::: Provided material

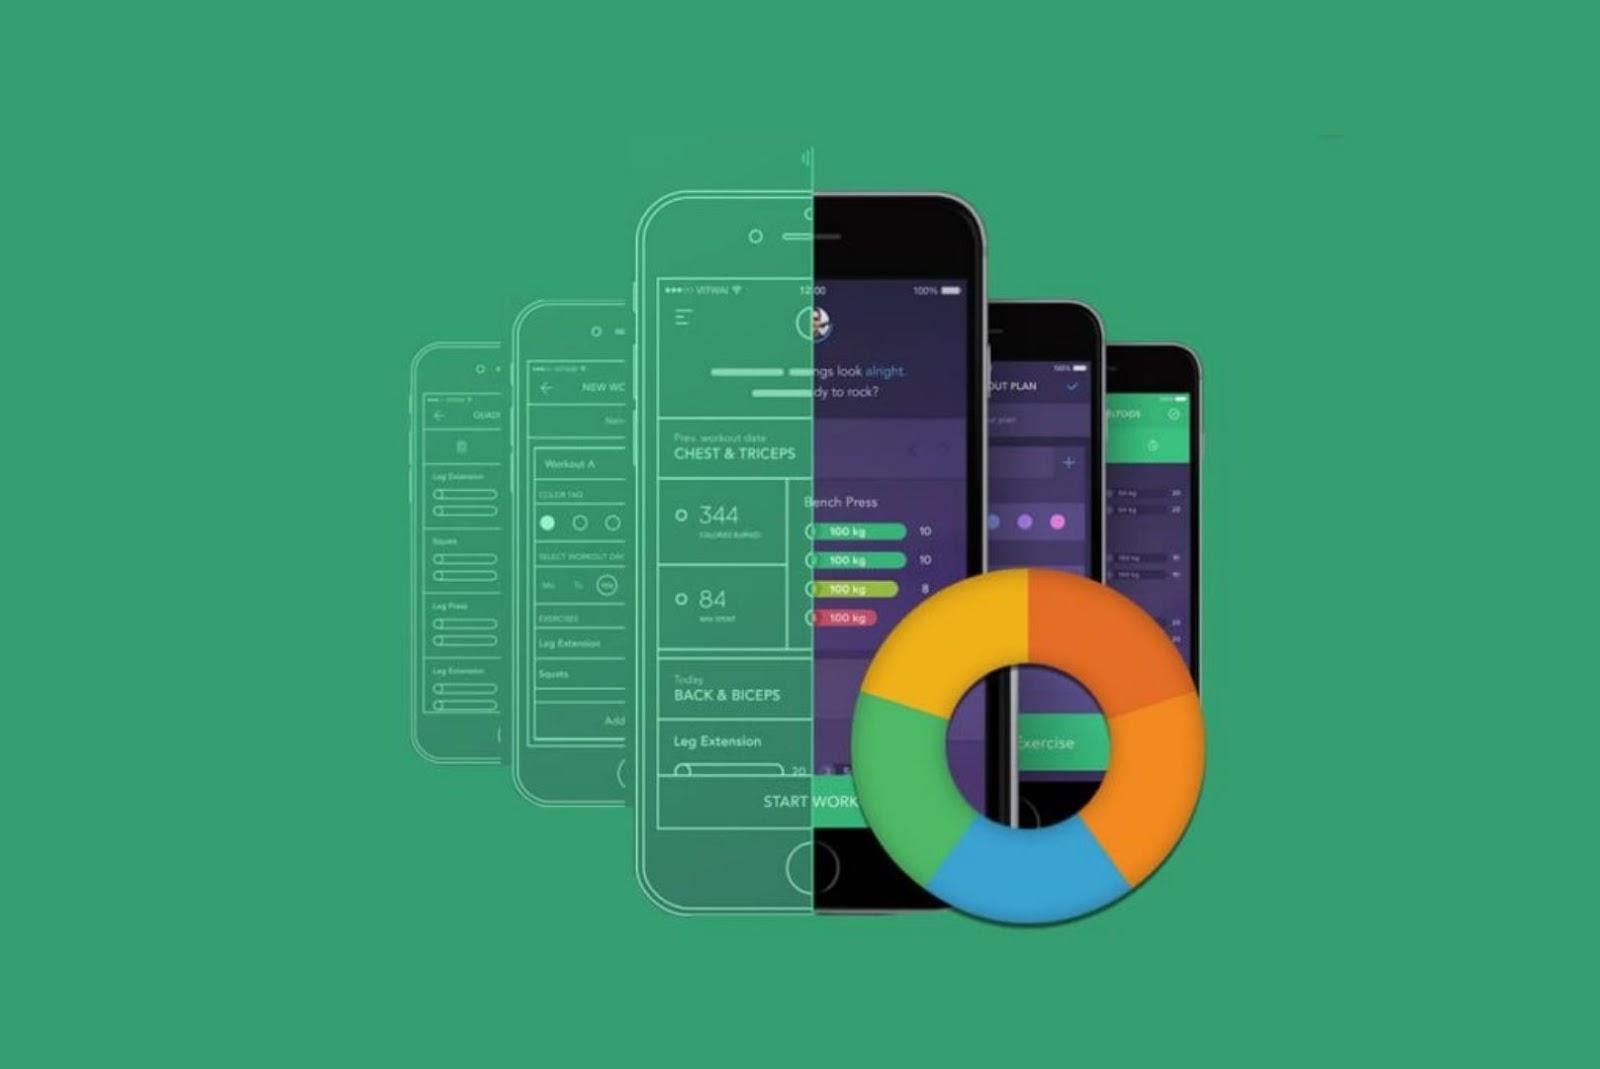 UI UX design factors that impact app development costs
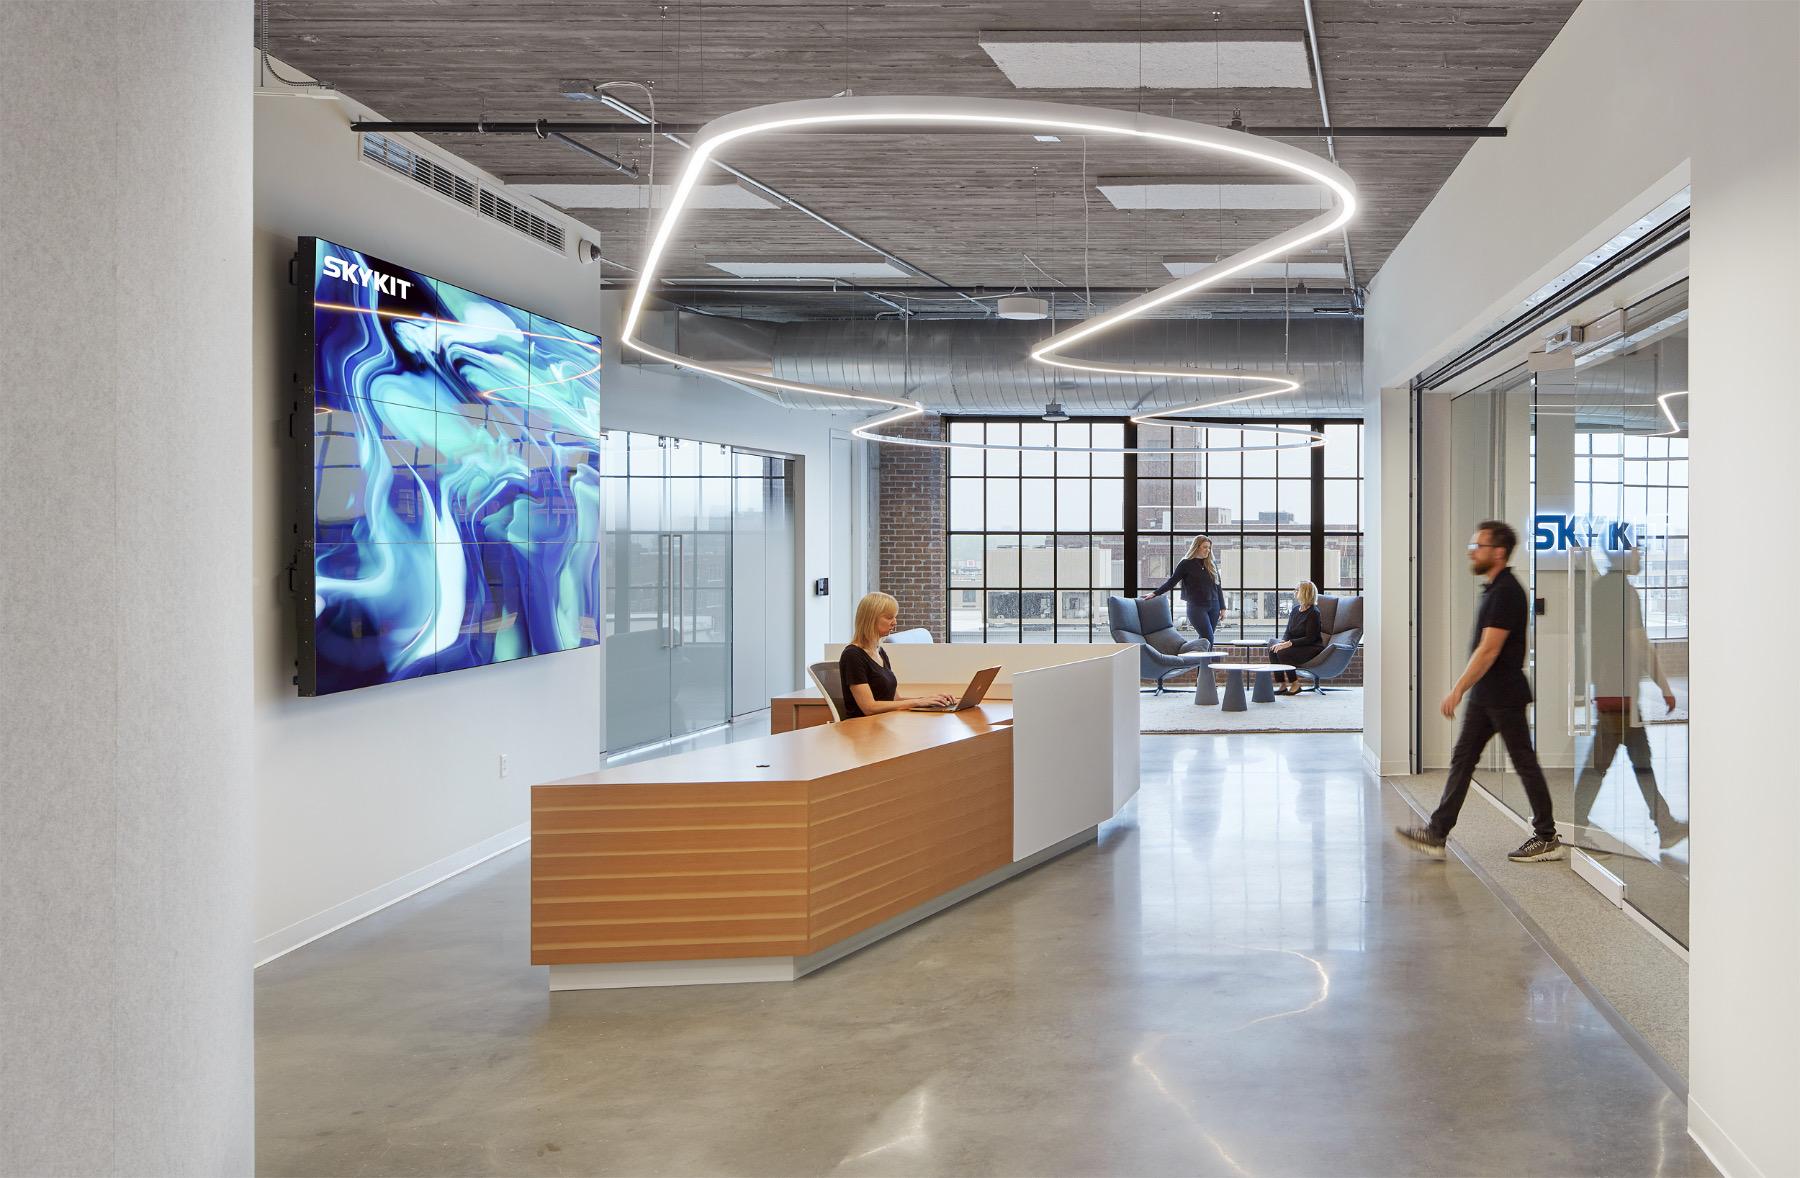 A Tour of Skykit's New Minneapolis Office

::::::
::: Provided material

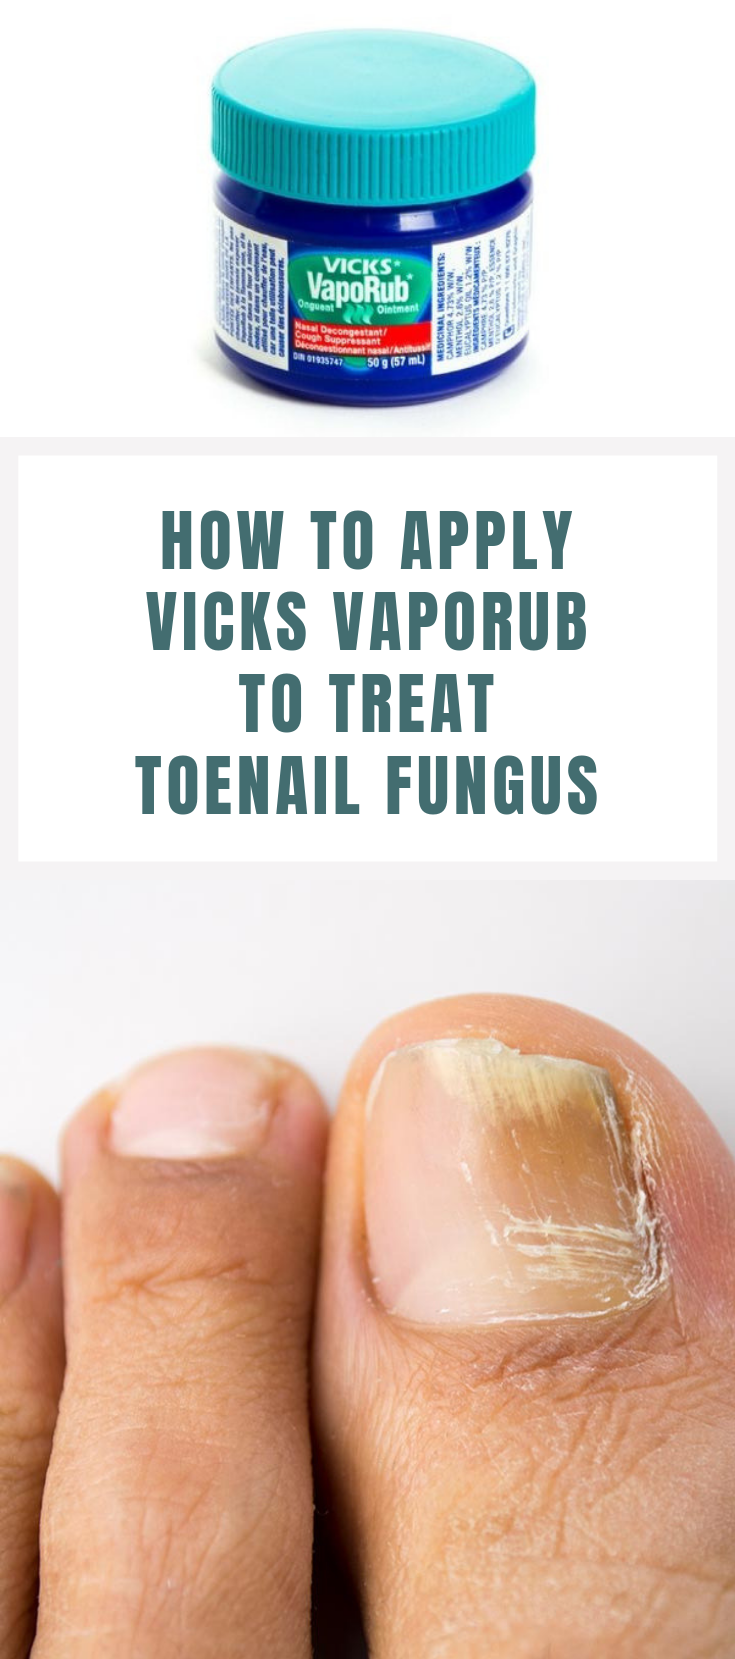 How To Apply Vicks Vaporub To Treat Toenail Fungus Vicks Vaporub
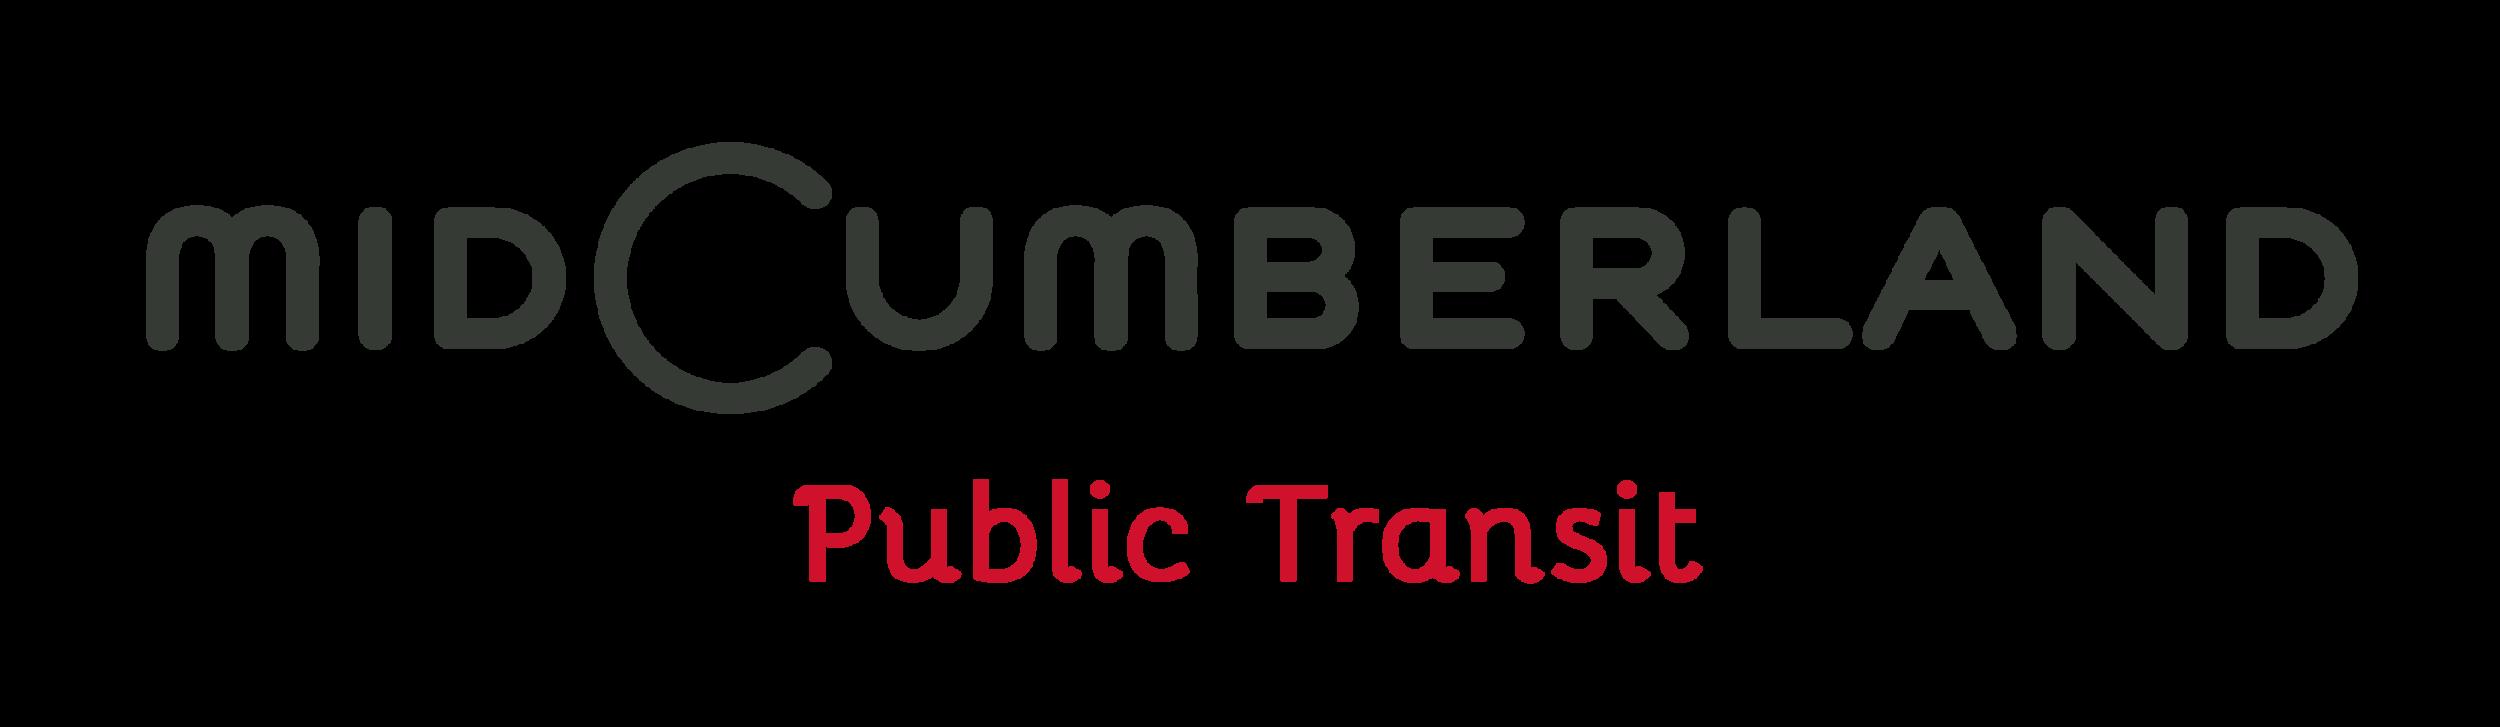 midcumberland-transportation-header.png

::::::
::: Provided material

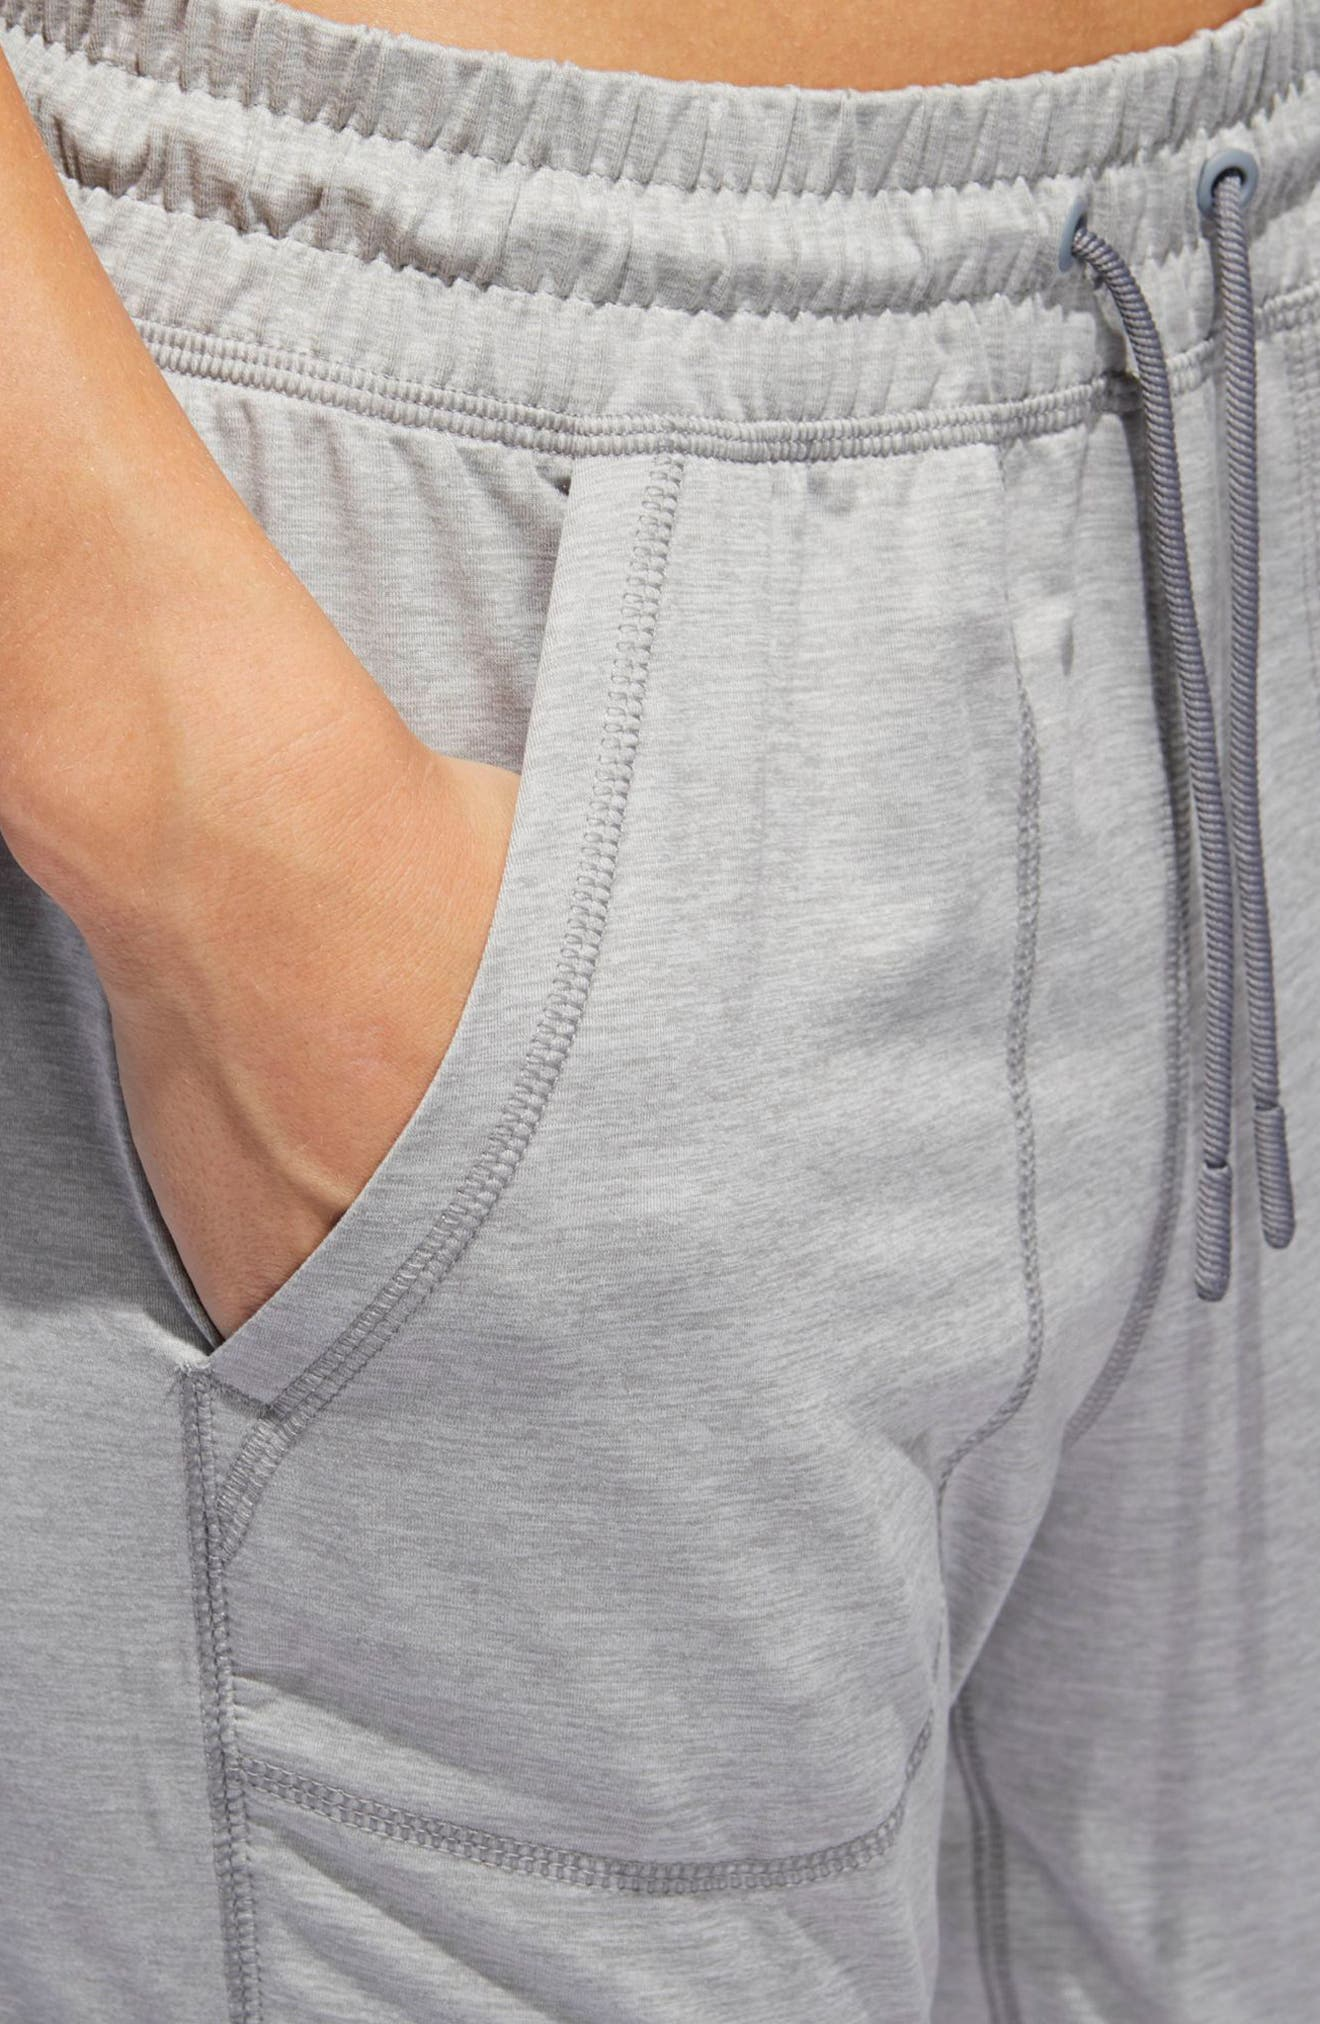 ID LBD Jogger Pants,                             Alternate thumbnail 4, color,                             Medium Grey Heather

::::::

> [Exercise details]:
Using the data above, copy exactly the lines from the one containing "UI UX design" to the one containing "A Tour of Skykit's New Minneapolis Office", inclusive. Exclude the pictures.

> [Reply to the task]:
 UI UX design factors that impact app development costs
 A Tour of Skykit's New Minneapolis Office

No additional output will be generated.